▶ _WHAT THIS TASK INVOLVES_
Reproduce every record exactly as written.
--- START ---
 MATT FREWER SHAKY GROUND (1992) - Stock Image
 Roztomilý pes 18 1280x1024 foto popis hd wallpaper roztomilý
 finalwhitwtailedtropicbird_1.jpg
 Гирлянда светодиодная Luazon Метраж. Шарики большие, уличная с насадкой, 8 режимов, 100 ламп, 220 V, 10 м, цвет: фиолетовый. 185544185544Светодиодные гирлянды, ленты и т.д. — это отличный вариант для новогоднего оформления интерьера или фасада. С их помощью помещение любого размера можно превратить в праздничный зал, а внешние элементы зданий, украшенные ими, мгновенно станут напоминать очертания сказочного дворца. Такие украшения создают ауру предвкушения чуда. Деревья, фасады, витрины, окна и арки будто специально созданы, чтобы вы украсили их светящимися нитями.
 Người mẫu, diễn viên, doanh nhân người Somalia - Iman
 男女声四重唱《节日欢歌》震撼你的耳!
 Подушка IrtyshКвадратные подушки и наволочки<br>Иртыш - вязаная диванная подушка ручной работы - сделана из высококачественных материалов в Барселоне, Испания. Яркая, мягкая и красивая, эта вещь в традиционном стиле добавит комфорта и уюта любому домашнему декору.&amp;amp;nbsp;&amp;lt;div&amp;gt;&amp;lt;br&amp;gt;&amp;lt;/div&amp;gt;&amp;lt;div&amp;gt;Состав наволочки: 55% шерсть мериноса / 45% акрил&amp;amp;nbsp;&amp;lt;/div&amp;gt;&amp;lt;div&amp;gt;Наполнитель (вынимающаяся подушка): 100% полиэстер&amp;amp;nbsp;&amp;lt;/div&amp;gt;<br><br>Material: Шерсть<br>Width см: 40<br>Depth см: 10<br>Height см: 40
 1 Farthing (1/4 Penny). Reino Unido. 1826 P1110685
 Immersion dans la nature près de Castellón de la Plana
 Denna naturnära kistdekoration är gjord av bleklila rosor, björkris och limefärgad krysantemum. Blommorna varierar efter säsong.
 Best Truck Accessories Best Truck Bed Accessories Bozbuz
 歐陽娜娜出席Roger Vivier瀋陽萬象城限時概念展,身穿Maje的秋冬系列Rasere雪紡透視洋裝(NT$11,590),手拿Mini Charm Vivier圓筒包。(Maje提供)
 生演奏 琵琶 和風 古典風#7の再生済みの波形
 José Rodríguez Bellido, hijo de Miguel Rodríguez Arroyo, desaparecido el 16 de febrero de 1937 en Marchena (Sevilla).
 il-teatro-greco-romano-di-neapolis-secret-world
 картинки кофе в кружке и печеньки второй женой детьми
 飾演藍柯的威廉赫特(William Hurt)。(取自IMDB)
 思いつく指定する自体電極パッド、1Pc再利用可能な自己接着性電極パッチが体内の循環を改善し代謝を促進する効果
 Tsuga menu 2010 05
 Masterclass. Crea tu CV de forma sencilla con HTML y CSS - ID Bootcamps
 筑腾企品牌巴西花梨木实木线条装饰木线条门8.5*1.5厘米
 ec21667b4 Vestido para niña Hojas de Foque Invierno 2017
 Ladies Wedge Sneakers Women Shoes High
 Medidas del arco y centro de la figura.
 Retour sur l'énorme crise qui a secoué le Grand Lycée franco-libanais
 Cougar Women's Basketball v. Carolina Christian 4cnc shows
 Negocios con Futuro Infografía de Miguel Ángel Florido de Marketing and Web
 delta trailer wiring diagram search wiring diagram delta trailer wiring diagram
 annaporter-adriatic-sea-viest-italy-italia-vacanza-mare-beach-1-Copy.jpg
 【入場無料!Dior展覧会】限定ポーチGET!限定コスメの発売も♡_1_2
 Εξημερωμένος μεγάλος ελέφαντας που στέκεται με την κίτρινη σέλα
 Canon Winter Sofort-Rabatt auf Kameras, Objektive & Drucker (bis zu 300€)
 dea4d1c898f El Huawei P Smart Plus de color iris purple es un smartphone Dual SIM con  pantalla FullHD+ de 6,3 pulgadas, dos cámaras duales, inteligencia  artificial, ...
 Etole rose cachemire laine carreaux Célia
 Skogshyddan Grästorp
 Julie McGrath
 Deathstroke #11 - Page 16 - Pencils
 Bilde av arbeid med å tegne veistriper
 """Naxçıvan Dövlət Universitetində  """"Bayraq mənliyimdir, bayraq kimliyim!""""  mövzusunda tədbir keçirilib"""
--- END ---
▶ _EXERCISE ANSWER_
 MATT FREWER SHAKY GROUND (1992) - Stock Image
 Roztomilý pes 18 1280x1024 foto popis hd wallpaper roztomilý
 finalwhitwtailedtropicbird_1.jpg
 Гирлянда светодиодная Luazon Метраж. Шарики большие, уличная с насадкой, 8 режимов, 100 ламп, 220 V, 10 м, цвет: фиолетовый. 185544185544Светодиодные гирлянды, ленты и т.д. — это отличный вариант для новогоднего оформления интерьера или фасада. С их помощью помещение любого размера можно превратить в праздничный зал, а внешние элементы зданий, украшенные ими, мгновенно станут напоминать очертания сказочного дворца. Такие украшения создают ауру предвкушения чуда. Деревья, фасады, витрины, окна и арки будто специально созданы, чтобы вы украсили их светящимися нитями.
 Người mẫu, diễn viên, doanh nhân người Somalia - Iman
 男女声四重唱《节日欢歌》震撼你的耳!
 Подушка IrtyshКвадратные подушки и наволочки<br>Иртыш - вязаная диванная подушка ручной работы - сделана из высококачественных материалов в Барселоне, Испания. Яркая, мягкая и красивая, эта вещь в традиционном стиле добавит комфорта и уюта любому домашнему декору.&amp;amp;nbsp;&amp;lt;div&amp;gt;&amp;lt;br&amp;gt;&amp;lt;/div&amp;gt;&amp;lt;div&amp;gt;Состав наволочки: 55% шерсть мериноса / 45% акрил&amp;amp;nbsp;&amp;lt;/div&amp;gt;&amp;lt;div&amp;gt;Наполнитель (вынимающаяся подушка): 100% полиэстер&amp;amp;nbsp;&amp;lt;/div&amp;gt;<br><br>Material: Шерсть<br>Width см: 40<br>Depth см: 10<br>Height см: 40
 1 Farthing (1/4 Penny). Reino Unido. 1826 P1110685
 Immersion dans la nature près de Castellón de la Plana
 Denna naturnära kistdekoration är gjord av bleklila rosor, björkris och limefärgad krysantemum. Blommorna varierar efter säsong.
 Best Truck Accessories Best Truck Bed Accessories Bozbuz
 歐陽娜娜出席Roger Vivier瀋陽萬象城限時概念展,身穿Maje的秋冬系列Rasere雪紡透視洋裝(NT$11,590),手拿Mini Charm Vivier圓筒包。(Maje提供)
 生演奏 琵琶 和風 古典風#7の再生済みの波形
 José Rodríguez Bellido, hijo de Miguel Rodríguez Arroyo, desaparecido el 16 de febrero de 1937 en Marchena (Sevilla).
 il-teatro-greco-romano-di-neapolis-secret-world
 картинки кофе в кружке и печеньки второй женой детьми
 飾演藍柯的威廉赫特(William Hurt)。(取自IMDB)
 思いつく指定する自体電極パッド、1Pc再利用可能な自己接着性電極パッチが体内の循環を改善し代謝を促進する効果
 Tsuga menu 2010 05
 Masterclass. Crea tu CV de forma sencilla con HTML y CSS - ID Bootcamps
 筑腾企品牌巴西花梨木实木线条装饰木线条门8.5*1.5厘米
 ec21667b4 Vestido para niña Hojas de Foque Invierno 2017
 Ladies Wedge Sneakers Women Shoes High
 Medidas del arco y centro de la figura.
 Retour sur l'énorme crise qui a secoué le Grand Lycée franco-libanais
 Cougar Women's Basketball v. Carolina Christian 4cnc shows
 Negocios con Futuro Infografía de Miguel Ángel Florido de Marketing and Web
 delta trailer wiring diagram search wiring diagram delta trailer wiring diagram
 annaporter-adriatic-sea-viest-italy-italia-vacanza-mare-beach-1-Copy.jpg
 【入場無料!Dior展覧会】限定ポーチGET!限定コスメの発売も♡_1_2
 Εξημερωμένος μεγάλος ελέφαντας που στέκεται με την κίτρινη σέλα
 Canon Winter Sofort-Rabatt auf Kameras, Objektive & Drucker (bis zu 300€)
 dea4d1c898f El Huawei P Smart Plus de color iris purple es un smartphone Dual SIM con  pantalla FullHD+ de 6,3 pulgadas, dos cámaras duales, inteligencia  artificial, ...
 Etole rose cachemire laine carreaux Célia
 Skogshyddan Grästorp
 Julie McGrath
 Deathstroke #11 - Page 16 - Pencils
 Bilde av arbeid med å tegne veistriper
 """Naxçıvan Dövlət Universitetində  """"Bayraq mənliyimdir, bayraq kimliyim!""""  mövzusunda tədbir keçirilib"""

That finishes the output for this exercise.